**Exercise**
Your answer must be the full set of records, repeated exactly.

☆ ☆ ☆ ☆

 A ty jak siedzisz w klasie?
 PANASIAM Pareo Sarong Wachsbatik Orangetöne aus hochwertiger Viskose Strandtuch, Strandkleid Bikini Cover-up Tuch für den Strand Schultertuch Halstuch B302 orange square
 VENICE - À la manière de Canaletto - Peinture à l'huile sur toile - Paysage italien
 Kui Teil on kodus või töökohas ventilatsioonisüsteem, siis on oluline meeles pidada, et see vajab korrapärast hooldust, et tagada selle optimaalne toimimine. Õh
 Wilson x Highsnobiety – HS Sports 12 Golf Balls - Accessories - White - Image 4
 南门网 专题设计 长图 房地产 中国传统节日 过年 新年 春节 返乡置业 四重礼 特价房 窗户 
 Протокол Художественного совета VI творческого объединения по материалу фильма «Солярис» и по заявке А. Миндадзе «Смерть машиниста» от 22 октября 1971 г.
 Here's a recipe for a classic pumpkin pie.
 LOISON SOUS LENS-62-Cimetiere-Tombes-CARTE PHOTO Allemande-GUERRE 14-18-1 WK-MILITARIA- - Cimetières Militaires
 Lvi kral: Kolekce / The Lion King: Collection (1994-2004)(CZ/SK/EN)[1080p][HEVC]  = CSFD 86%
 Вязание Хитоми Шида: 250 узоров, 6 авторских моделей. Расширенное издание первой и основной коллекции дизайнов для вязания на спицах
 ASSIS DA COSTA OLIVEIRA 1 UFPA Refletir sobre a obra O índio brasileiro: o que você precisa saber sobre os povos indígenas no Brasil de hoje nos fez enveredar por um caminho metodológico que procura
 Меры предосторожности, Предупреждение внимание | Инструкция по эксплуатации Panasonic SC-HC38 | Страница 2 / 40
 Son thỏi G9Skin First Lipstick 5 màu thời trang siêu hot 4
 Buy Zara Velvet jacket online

☆ ☆ ☆ ☆

**Solution for this task**
 A ty jak siedzisz w klasie?
 PANASIAM Pareo Sarong Wachsbatik Orangetöne aus hochwertiger Viskose Strandtuch, Strandkleid Bikini Cover-up Tuch für den Strand Schultertuch Halstuch B302 orange square
 VENICE - À la manière de Canaletto - Peinture à l'huile sur toile - Paysage italien
 Kui Teil on kodus või töökohas ventilatsioonisüsteem, siis on oluline meeles pidada, et see vajab korrapärast hooldust, et tagada selle optimaalne toimimine. Õh
 Wilson x Highsnobiety – HS Sports 12 Golf Balls - Accessories - White - Image 4
 南门网 专题设计 长图 房地产 中国传统节日 过年 新年 春节 返乡置业 四重礼 特价房 窗户 
 Протокол Художественного совета VI творческого объединения по материалу фильма «Солярис» и по заявке А. Миндадзе «Смерть машиниста» от 22 октября 1971 г.
 Here's a recipe for a classic pumpkin pie.
 LOISON SOUS LENS-62-Cimetiere-Tombes-CARTE PHOTO Allemande-GUERRE 14-18-1 WK-MILITARIA- - Cimetières Militaires
 Lvi kral: Kolekce / The Lion King: Collection (1994-2004)(CZ/SK/EN)[1080p][HEVC]  = CSFD 86%
 Вязание Хитоми Шида: 250 узоров, 6 авторских моделей. Расширенное издание первой и основной коллекции дизайнов для вязания на спицах
 ASSIS DA COSTA OLIVEIRA 1 UFPA Refletir sobre a obra O índio brasileiro: o que você precisa saber sobre os povos indígenas no Brasil de hoje nos fez enveredar por um caminho metodológico que procura
 Меры предосторожности, Предупреждение внимание | Инструкция по эксплуатации Panasonic SC-HC38 | Страница 2 / 40
 Son thỏi G9Skin First Lipstick 5 màu thời trang siêu hot 4
 Buy Zara Velvet jacket online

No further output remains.